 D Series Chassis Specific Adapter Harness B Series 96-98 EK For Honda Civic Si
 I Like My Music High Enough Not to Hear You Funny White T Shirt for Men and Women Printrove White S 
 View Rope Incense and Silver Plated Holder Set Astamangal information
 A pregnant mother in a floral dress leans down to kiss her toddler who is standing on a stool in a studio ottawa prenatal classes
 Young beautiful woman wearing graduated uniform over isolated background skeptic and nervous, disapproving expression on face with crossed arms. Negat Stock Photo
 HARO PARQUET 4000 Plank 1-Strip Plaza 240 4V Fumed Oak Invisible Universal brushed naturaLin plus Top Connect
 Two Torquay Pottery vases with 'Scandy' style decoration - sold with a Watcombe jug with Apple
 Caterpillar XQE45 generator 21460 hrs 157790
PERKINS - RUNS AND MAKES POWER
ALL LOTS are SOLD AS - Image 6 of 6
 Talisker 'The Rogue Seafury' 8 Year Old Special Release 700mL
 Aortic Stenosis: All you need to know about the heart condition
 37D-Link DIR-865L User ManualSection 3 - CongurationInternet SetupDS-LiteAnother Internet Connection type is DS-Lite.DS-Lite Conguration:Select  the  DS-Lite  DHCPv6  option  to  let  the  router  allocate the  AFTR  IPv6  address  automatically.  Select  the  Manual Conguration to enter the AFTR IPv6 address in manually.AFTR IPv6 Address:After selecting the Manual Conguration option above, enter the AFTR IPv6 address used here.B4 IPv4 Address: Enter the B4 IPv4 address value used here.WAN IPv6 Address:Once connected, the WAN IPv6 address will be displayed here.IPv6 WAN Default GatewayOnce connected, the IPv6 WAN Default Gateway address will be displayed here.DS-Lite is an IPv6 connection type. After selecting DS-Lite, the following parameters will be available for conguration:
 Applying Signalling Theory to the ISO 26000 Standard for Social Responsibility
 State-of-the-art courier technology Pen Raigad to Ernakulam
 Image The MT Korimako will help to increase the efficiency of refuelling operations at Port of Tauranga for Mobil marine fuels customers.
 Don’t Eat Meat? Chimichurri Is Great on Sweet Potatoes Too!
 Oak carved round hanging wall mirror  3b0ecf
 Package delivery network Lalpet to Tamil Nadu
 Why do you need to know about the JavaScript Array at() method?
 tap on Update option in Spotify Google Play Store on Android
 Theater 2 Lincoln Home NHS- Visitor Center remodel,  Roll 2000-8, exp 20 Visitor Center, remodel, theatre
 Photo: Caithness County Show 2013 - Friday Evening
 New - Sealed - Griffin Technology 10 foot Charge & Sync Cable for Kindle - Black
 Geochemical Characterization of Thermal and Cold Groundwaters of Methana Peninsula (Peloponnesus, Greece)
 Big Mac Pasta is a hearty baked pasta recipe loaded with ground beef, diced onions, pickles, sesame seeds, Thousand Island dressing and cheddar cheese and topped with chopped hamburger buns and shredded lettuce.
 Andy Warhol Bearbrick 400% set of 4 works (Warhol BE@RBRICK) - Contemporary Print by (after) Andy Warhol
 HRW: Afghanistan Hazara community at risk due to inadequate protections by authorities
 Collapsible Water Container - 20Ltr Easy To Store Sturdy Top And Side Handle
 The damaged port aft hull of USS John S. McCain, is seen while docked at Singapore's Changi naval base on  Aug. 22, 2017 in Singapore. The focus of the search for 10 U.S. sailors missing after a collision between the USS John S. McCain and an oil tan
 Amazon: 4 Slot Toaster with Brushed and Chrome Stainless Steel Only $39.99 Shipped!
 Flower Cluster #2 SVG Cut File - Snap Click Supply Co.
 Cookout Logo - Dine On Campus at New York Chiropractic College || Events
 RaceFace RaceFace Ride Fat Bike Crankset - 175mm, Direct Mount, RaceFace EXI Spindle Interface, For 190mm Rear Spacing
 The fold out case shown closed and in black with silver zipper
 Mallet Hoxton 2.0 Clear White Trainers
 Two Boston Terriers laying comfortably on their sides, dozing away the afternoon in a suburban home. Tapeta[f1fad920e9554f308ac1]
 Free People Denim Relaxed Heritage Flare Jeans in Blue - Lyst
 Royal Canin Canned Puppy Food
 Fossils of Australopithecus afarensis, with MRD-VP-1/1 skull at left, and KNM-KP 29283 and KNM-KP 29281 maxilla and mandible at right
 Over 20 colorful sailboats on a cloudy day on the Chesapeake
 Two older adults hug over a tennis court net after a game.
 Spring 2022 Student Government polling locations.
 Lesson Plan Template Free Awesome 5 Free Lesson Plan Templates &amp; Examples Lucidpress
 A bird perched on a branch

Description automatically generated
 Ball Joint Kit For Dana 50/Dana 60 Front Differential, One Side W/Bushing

▸ **Task to complete**: All lines of the data are to be repeated exactly as they stand.

▸ **Exercise solution**:
 D Series Chassis Specific Adapter Harness B Series 96-98 EK For Honda Civic Si
 I Like My Music High Enough Not to Hear You Funny White T Shirt for Men and Women Printrove White S 
 View Rope Incense and Silver Plated Holder Set Astamangal information
 A pregnant mother in a floral dress leans down to kiss her toddler who is standing on a stool in a studio ottawa prenatal classes
 Young beautiful woman wearing graduated uniform over isolated background skeptic and nervous, disapproving expression on face with crossed arms. Negat Stock Photo
 HARO PARQUET 4000 Plank 1-Strip Plaza 240 4V Fumed Oak Invisible Universal brushed naturaLin plus Top Connect
 Two Torquay Pottery vases with 'Scandy' style decoration - sold with a Watcombe jug with Apple
 Caterpillar XQE45 generator 21460 hrs 157790
PERKINS - RUNS AND MAKES POWER
ALL LOTS are SOLD AS - Image 6 of 6
 Talisker 'The Rogue Seafury' 8 Year Old Special Release 700mL
 Aortic Stenosis: All you need to know about the heart condition
 37D-Link DIR-865L User ManualSection 3 - CongurationInternet SetupDS-LiteAnother Internet Connection type is DS-Lite.DS-Lite Conguration:Select  the  DS-Lite  DHCPv6  option  to  let  the  router  allocate the  AFTR  IPv6  address  automatically.  Select  the  Manual Conguration to enter the AFTR IPv6 address in manually.AFTR IPv6 Address:After selecting the Manual Conguration option above, enter the AFTR IPv6 address used here.B4 IPv4 Address: Enter the B4 IPv4 address value used here.WAN IPv6 Address:Once connected, the WAN IPv6 address will be displayed here.IPv6 WAN Default GatewayOnce connected, the IPv6 WAN Default Gateway address will be displayed here.DS-Lite is an IPv6 connection type. After selecting DS-Lite, the following parameters will be available for conguration:
 Applying Signalling Theory to the ISO 26000 Standard for Social Responsibility
 State-of-the-art courier technology Pen Raigad to Ernakulam
 Image The MT Korimako will help to increase the efficiency of refuelling operations at Port of Tauranga for Mobil marine fuels customers.
 Don’t Eat Meat? Chimichurri Is Great on Sweet Potatoes Too!
 Oak carved round hanging wall mirror  3b0ecf
 Package delivery network Lalpet to Tamil Nadu
 Why do you need to know about the JavaScript Array at() method?
 tap on Update option in Spotify Google Play Store on Android
 Theater 2 Lincoln Home NHS- Visitor Center remodel,  Roll 2000-8, exp 20 Visitor Center, remodel, theatre
 Photo: Caithness County Show 2013 - Friday Evening
 New - Sealed - Griffin Technology 10 foot Charge & Sync Cable for Kindle - Black
 Geochemical Characterization of Thermal and Cold Groundwaters of Methana Peninsula (Peloponnesus, Greece)
 Big Mac Pasta is a hearty baked pasta recipe loaded with ground beef, diced onions, pickles, sesame seeds, Thousand Island dressing and cheddar cheese and topped with chopped hamburger buns and shredded lettuce.
 Andy Warhol Bearbrick 400% set of 4 works (Warhol BE@RBRICK) - Contemporary Print by (after) Andy Warhol
 HRW: Afghanistan Hazara community at risk due to inadequate protections by authorities
 Collapsible Water Container - 20Ltr Easy To Store Sturdy Top And Side Handle
 The damaged port aft hull of USS John S. McCain, is seen while docked at Singapore's Changi naval base on  Aug. 22, 2017 in Singapore. The focus of the search for 10 U.S. sailors missing after a collision between the USS John S. McCain and an oil tan
 Amazon: 4 Slot Toaster with Brushed and Chrome Stainless Steel Only $39.99 Shipped!
 Flower Cluster #2 SVG Cut File - Snap Click Supply Co.
 Cookout Logo - Dine On Campus at New York Chiropractic College || Events
 RaceFace RaceFace Ride Fat Bike Crankset - 175mm, Direct Mount, RaceFace EXI Spindle Interface, For 190mm Rear Spacing
 The fold out case shown closed and in black with silver zipper
 Mallet Hoxton 2.0 Clear White Trainers
 Two Boston Terriers laying comfortably on their sides, dozing away the afternoon in a suburban home. Tapeta[f1fad920e9554f308ac1]
 Free People Denim Relaxed Heritage Flare Jeans in Blue - Lyst
 Royal Canin Canned Puppy Food
 Fossils of Australopithecus afarensis, with MRD-VP-1/1 skull at left, and KNM-KP 29283 and KNM-KP 29281 maxilla and mandible at right
 Over 20 colorful sailboats on a cloudy day on the Chesapeake
 Two older adults hug over a tennis court net after a game.
 Spring 2022 Student Government polling locations.
 Lesson Plan Template Free Awesome 5 Free Lesson Plan Templates &amp; Examples Lucidpress
 A bird perched on a branch

Description automatically generated
 Ball Joint Kit For Dana 50/Dana 60 Front Differential, One Side W/Bushing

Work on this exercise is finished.